Money science pt.

2 - the global economic crisis buzz
By Bongani Khumalo We have heard the phrase ‘too big to fail’ applied many times over the last few years. This might have been the case for banks and financial service companies in the past few decades but then again the winds of change affect all things in its path, a lot can change in 65 years. Does the world need a new banking policeman? when Hitler was raging chaos across the globe in July 1944, ministers from all 44 allied nations met at the imposing mount Washington hotel in Bretton Woods, New Hampshire, to set out a set of new rules that would govern world finance once Hitler was defeated by signing the Bretton Woods Agreements, which led to the creation of the International Monetary Fund (IMF) and the World Bank. Back in the day (as in, not anymore) this was seen as a big vision, driven by grand historical figures such as Winston Churchill, Franklin D Roosevelt and the British celebrity economist John Maynard Keynes. Let’s be for real here I mean, I’m no economist, but this system was designed 64 years ago people with no plans of future amendments whatsoever like casting a paper boat into the unknown and hoping all’s well and dandy, I’m no fortune teller either but common sense should have warned that such a system was eventually bound to be proved ill equipped in 21st century banking systems, and go into a tail spin which now led to what’s been lingering on every business mans tongue and company execs happy no announce salary cuts. The world economic crisis. Where is all this money going? I mean as far as I know we haven’t made any contact with any extraterrestrial life forms, even if we did, I given our track record as a selfish species, I seriously doubt we’d be trusting them with any of our Cash. This is money you have worked for by the way money could hold in your hand the money you could spend at the store - instead you wake up one day, some bean counter on the news tells you that the electronic money we all agreed on initially has been invested by others, often without your knowledge, into ’stuff’ that has no intrinsic /real value. When this is discovered and both you and the banks have made a loss, what does the government do to help out? They pump more cash into the banks (who lost the cash in the first place) but none to you. Where I come from, we call that…being hustled or just plain out getting jerked.

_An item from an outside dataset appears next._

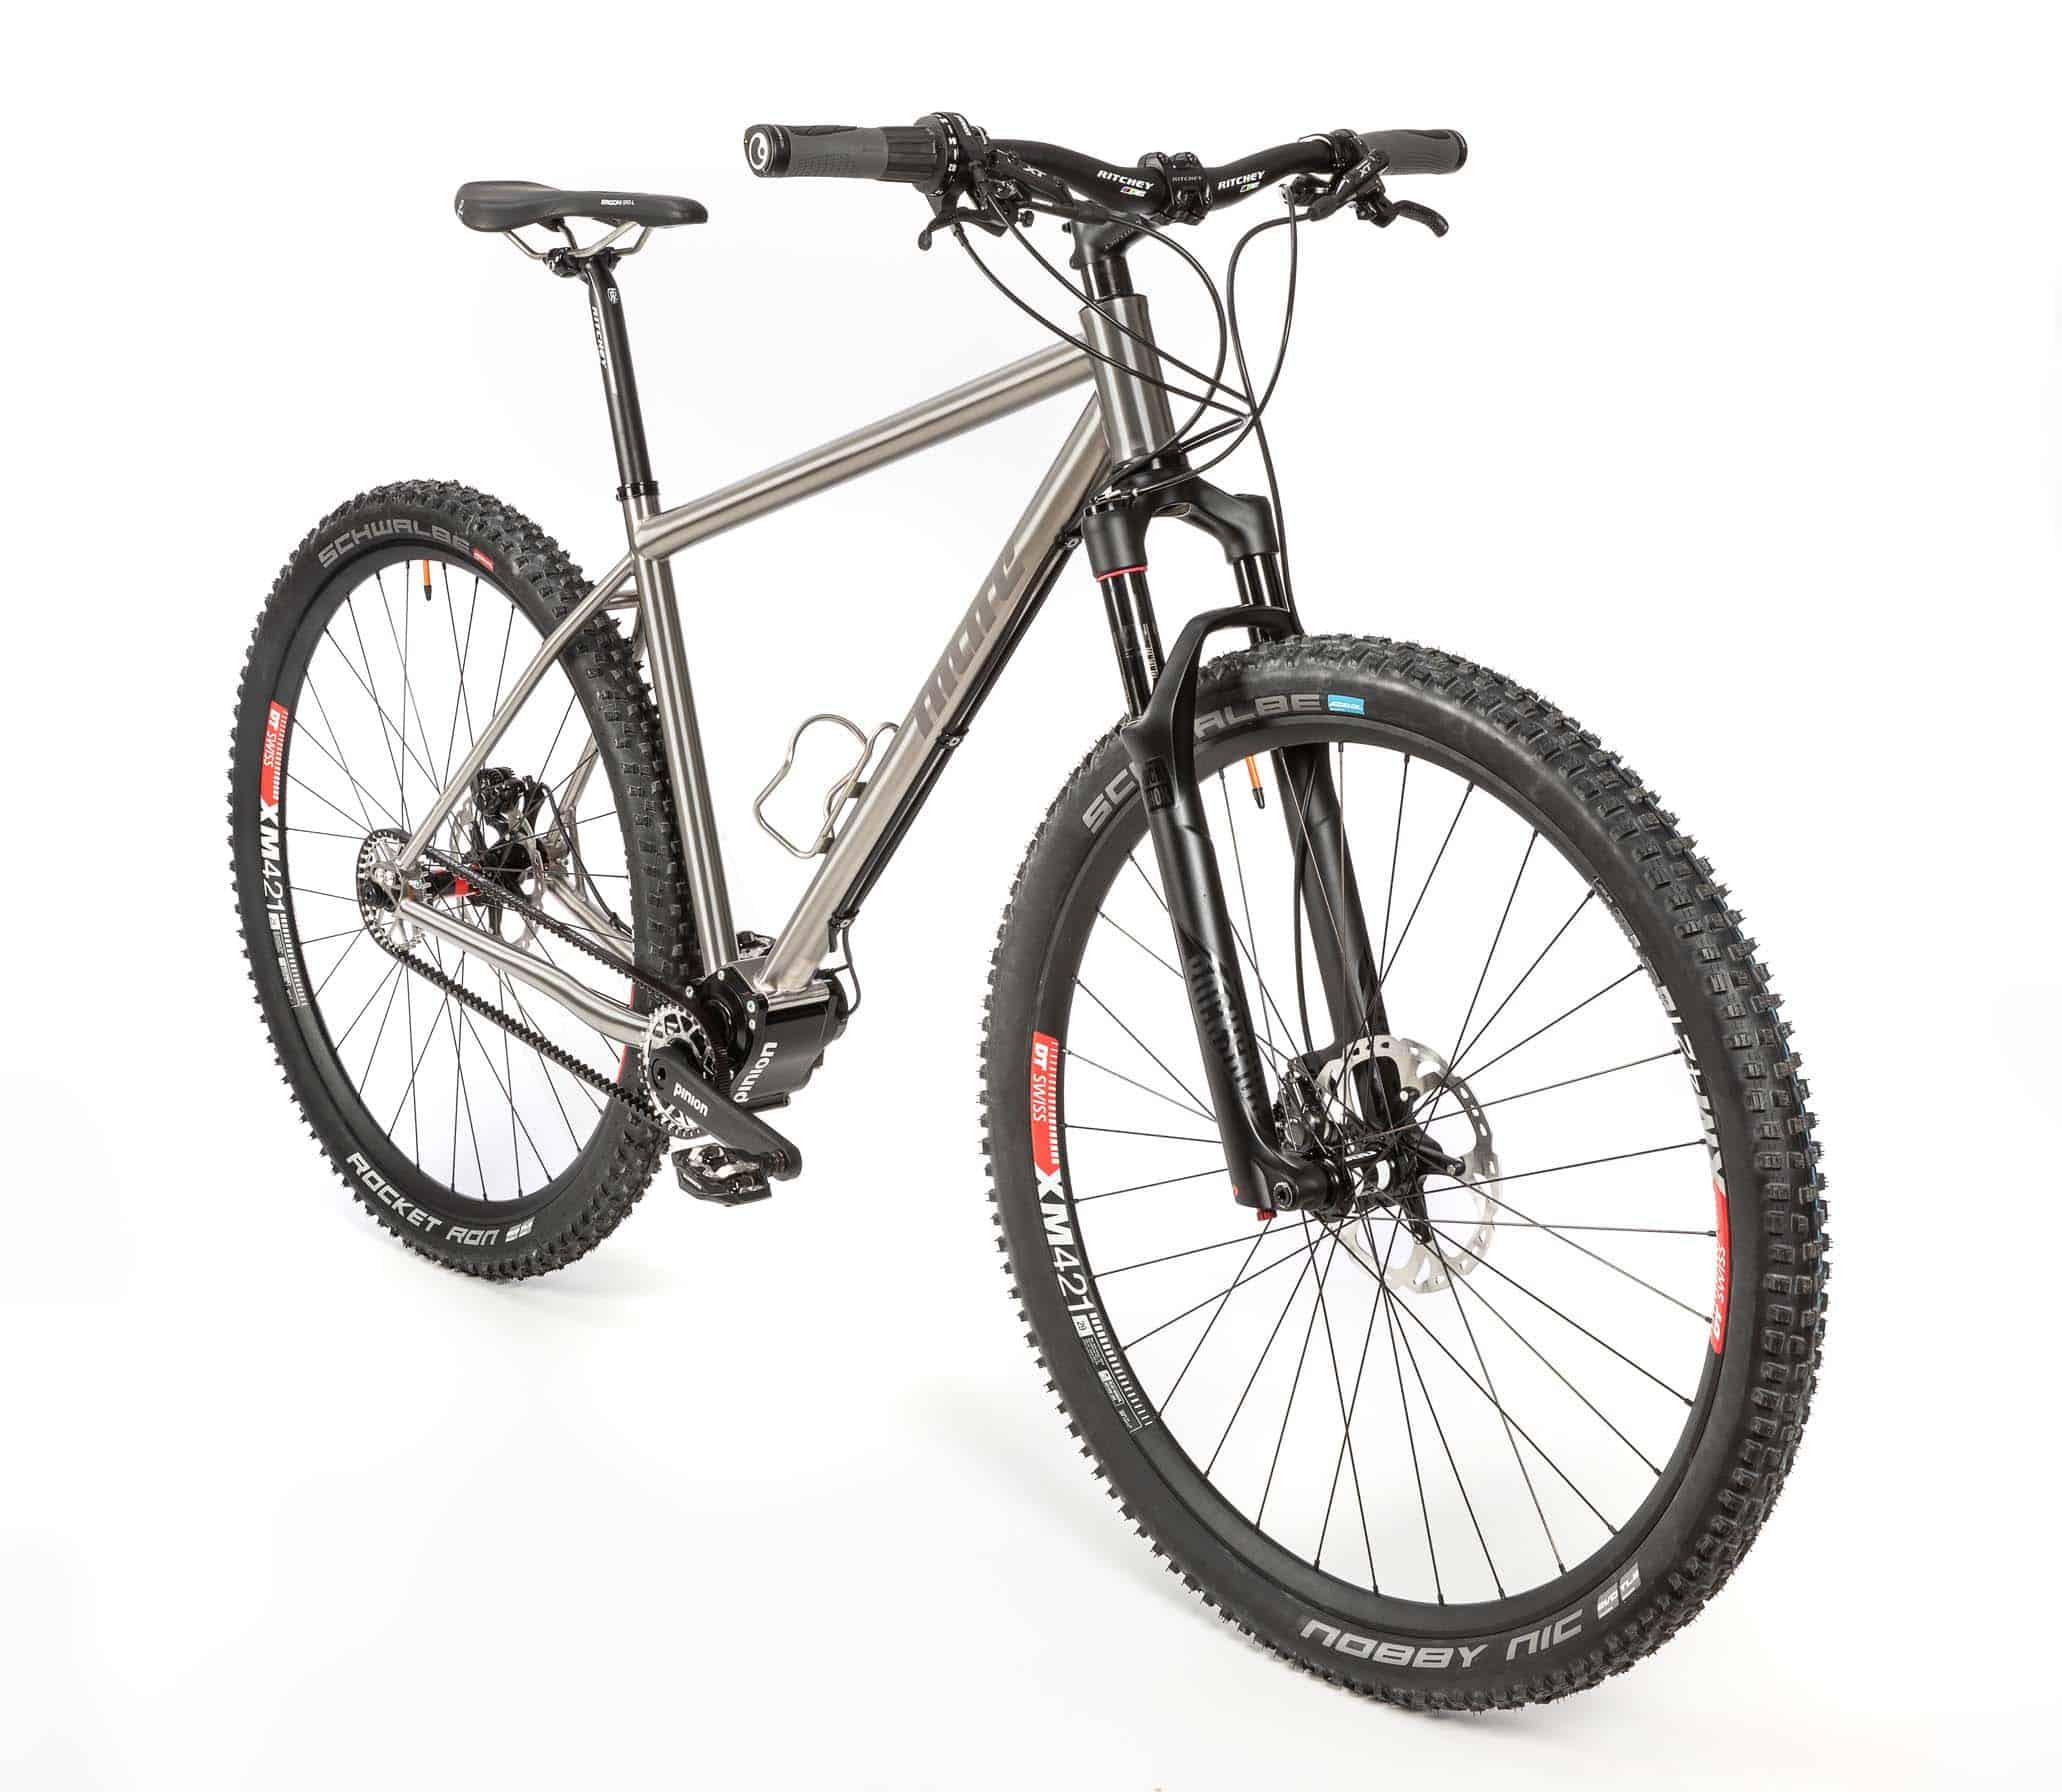 Pinion_Titan_MTB_Mountainbike_12

To clearly illustrate what I mean let me explain markets a bit; the function of any market is to set value on ‘things’, generally linked to a number of factors such as supply and demand, its potential future value and its intrinsic value - with intrinsic value being the most significant to this argument, which is defined as the actual value of a security, as opposed to its market price or book value. The intrinsic value includes other variables such as brand name, trademarks, and copyrights that are often difficult to calculate and sometimes not accurately reflected in the market price. One way to look at it is that the market capitalization is the price (i.e. what investors are willing to pay for the company) and intrinsic value is the value (i.e. what the company is really worth). Different investors use different techniques to calculate intrinsic value.

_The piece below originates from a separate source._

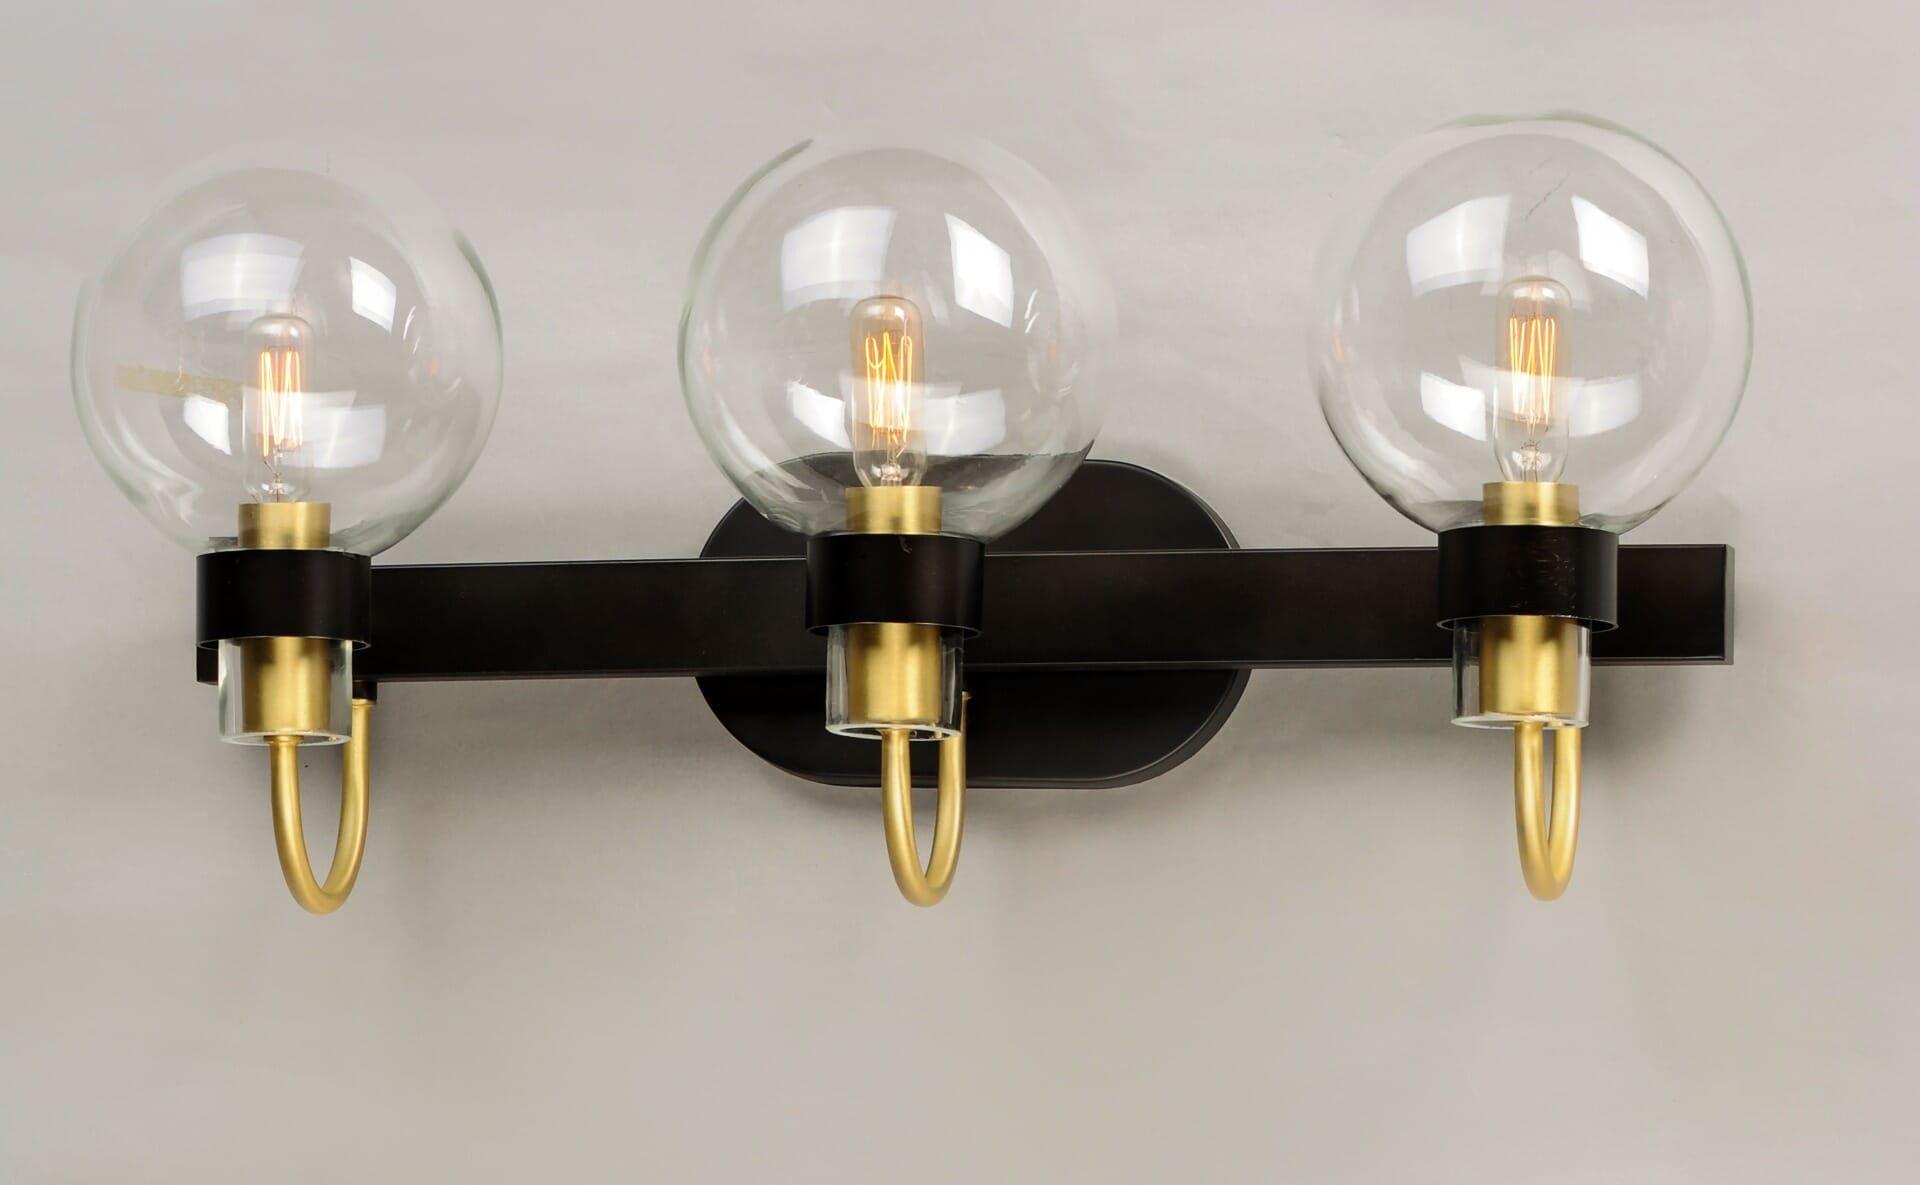 Photo of Maxim Bauhaus 3-light bathroom wash basin lamp in bronze and satin brass

To illustrate how out of control the situation has become look at the ‘dot com’ chaos of recent times, with its rise anyone with an idea and a PC nerd to back him up was suddenly floating business that had paper values of billions with intrinsic values actually very low (or even negative) - Look at even successful ventures like Facebook - They have a digital paper value approaching R80 Billion but the company’s only means of real income is advertising (or similar issues such as selling your weird daily updates as data). Stop and think what you would get for R80 Billion in terms of a manufacturing business with real assets such as Intellectual Property Rights, plant, factory buildings, stock etc - what would you have to shake a stick at - much more than you would if you spent the same money on Facebook, chatting to yo momma that’s for sure. If times get

tough with your manufacturing site - you could sell ’stuff’, as in the tangible assets and liquidate your assets but the point is that you have ’stuff’ to sell. What happens to Facebook? The bubble bursts just like the nerdy dot com revolution and what was worth billions is now only worth a few servers and some rented office space. Who tells us these things are worth billions? Bankers. What makes them worth billions? The driven up share price bought by institutional investors spending our money from investment bonds, pensions and superannuation policies. This is real money that comes from your wages but where does it go when the bubble bursts into the pockets of other bankers - it doesn’t disappear like the inflated share price. A share that your 401K bandwidth bought for R10 one day and is worth 45 cents the next still cost you R10 today - Has this money gone up in smoke? Like the law of physics that states that energy can’t be created or destroyed, it only changes state - has this money been ‘created’ and then ‘destroyed’ when you worked an hour for that R10. This is just a damn shame the current running money policy was designed with such automation that neither the IMF, the World Bank nor any other institution has the power to police the global financial system in a way that might have prevented the excessive risk-taking which led to the sub-prime mortgage crisis and, in turn, the credit crunch. The opportunity is certainly there (to change it) but why do we have to wait until everything goes to hell? Anybody ever hear of foresight? Who dresses these bean-counters? Does the world need a new banking ?policeman? uhm.....Ja!!!! I mean it doesn’t take a surgeon to notice that these historical figures need to be pushed off their wheelchairs and a new money system needs to be put in place, another Bretton Woods Agreement? Hopefully not, I’d be happier with the plain ol' tried and tested butter system and a pogo stick to go with the caveman outfit.